__Information supplied__:

════════════════

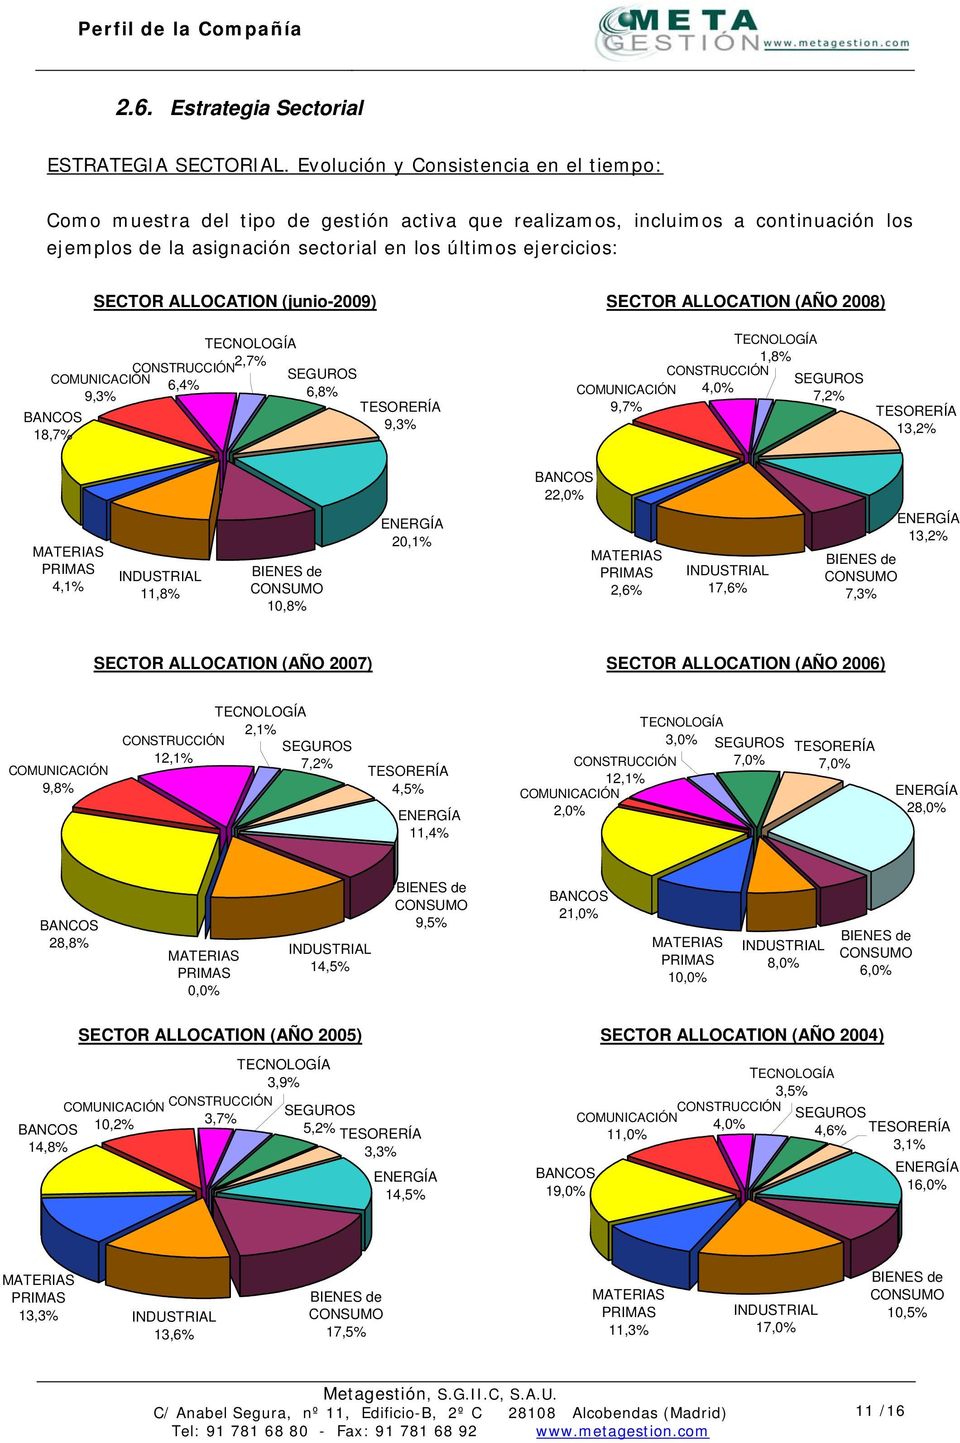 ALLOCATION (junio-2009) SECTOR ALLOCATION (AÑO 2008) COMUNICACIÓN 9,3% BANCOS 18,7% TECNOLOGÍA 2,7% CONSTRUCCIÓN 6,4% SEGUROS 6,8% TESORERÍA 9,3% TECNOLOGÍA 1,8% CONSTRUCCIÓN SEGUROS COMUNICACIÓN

════════════════

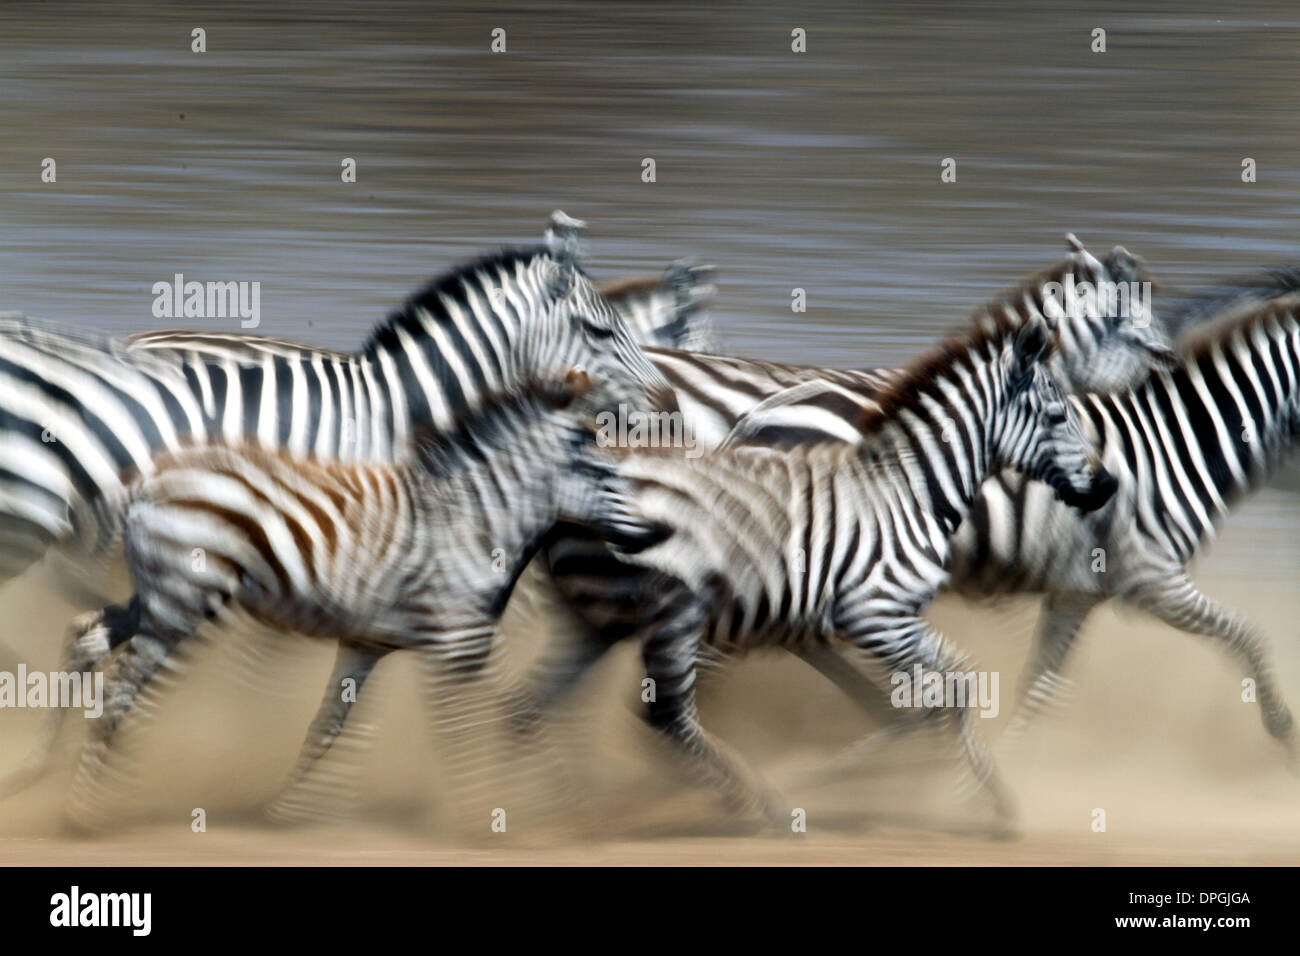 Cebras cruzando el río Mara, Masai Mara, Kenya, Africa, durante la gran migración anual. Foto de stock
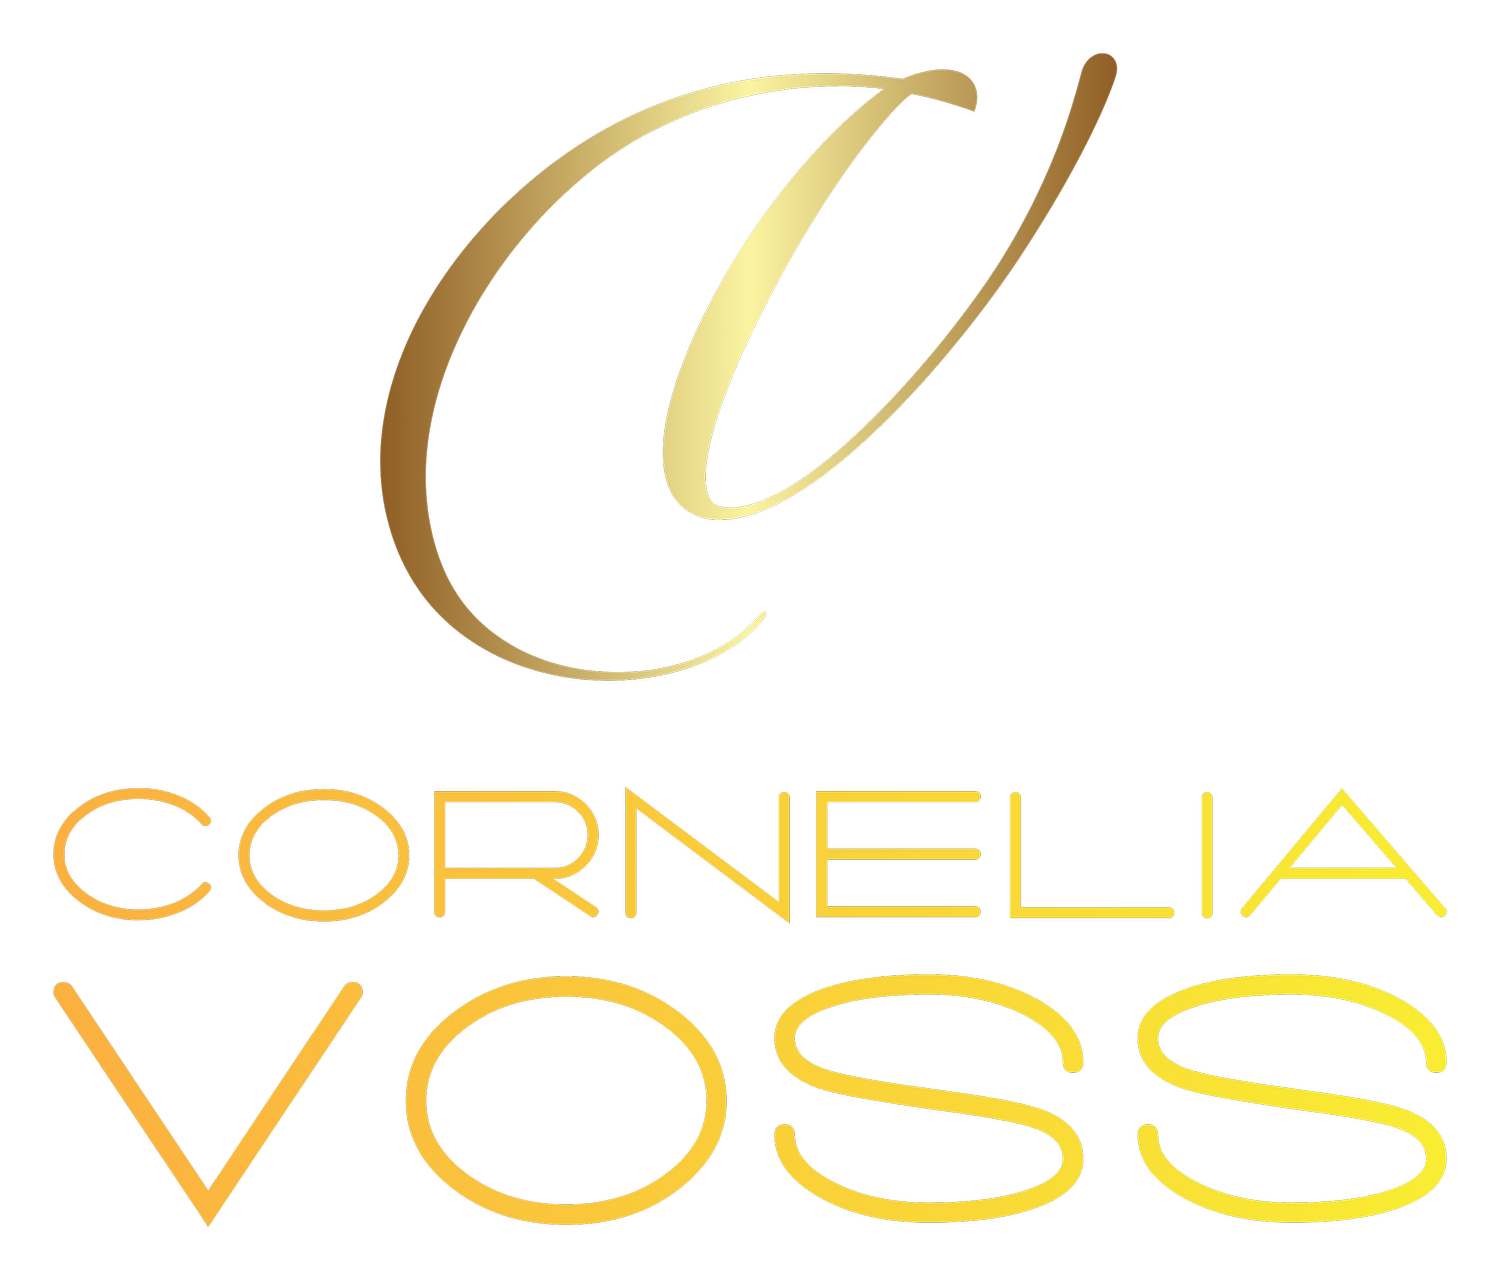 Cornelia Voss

════════════════

__What is needed__:
Within the listing above, copy exactly the lines that start at the one with "Cebras cruzando el" and continue through the one with "Cornelia Voss". Omit pictures.

__Answer to the exercise__:
 Cebras cruzando el río Mara, Masai Mara, Kenya, Africa, durante la gran migración anual. Foto de stock
 Cornelia Voss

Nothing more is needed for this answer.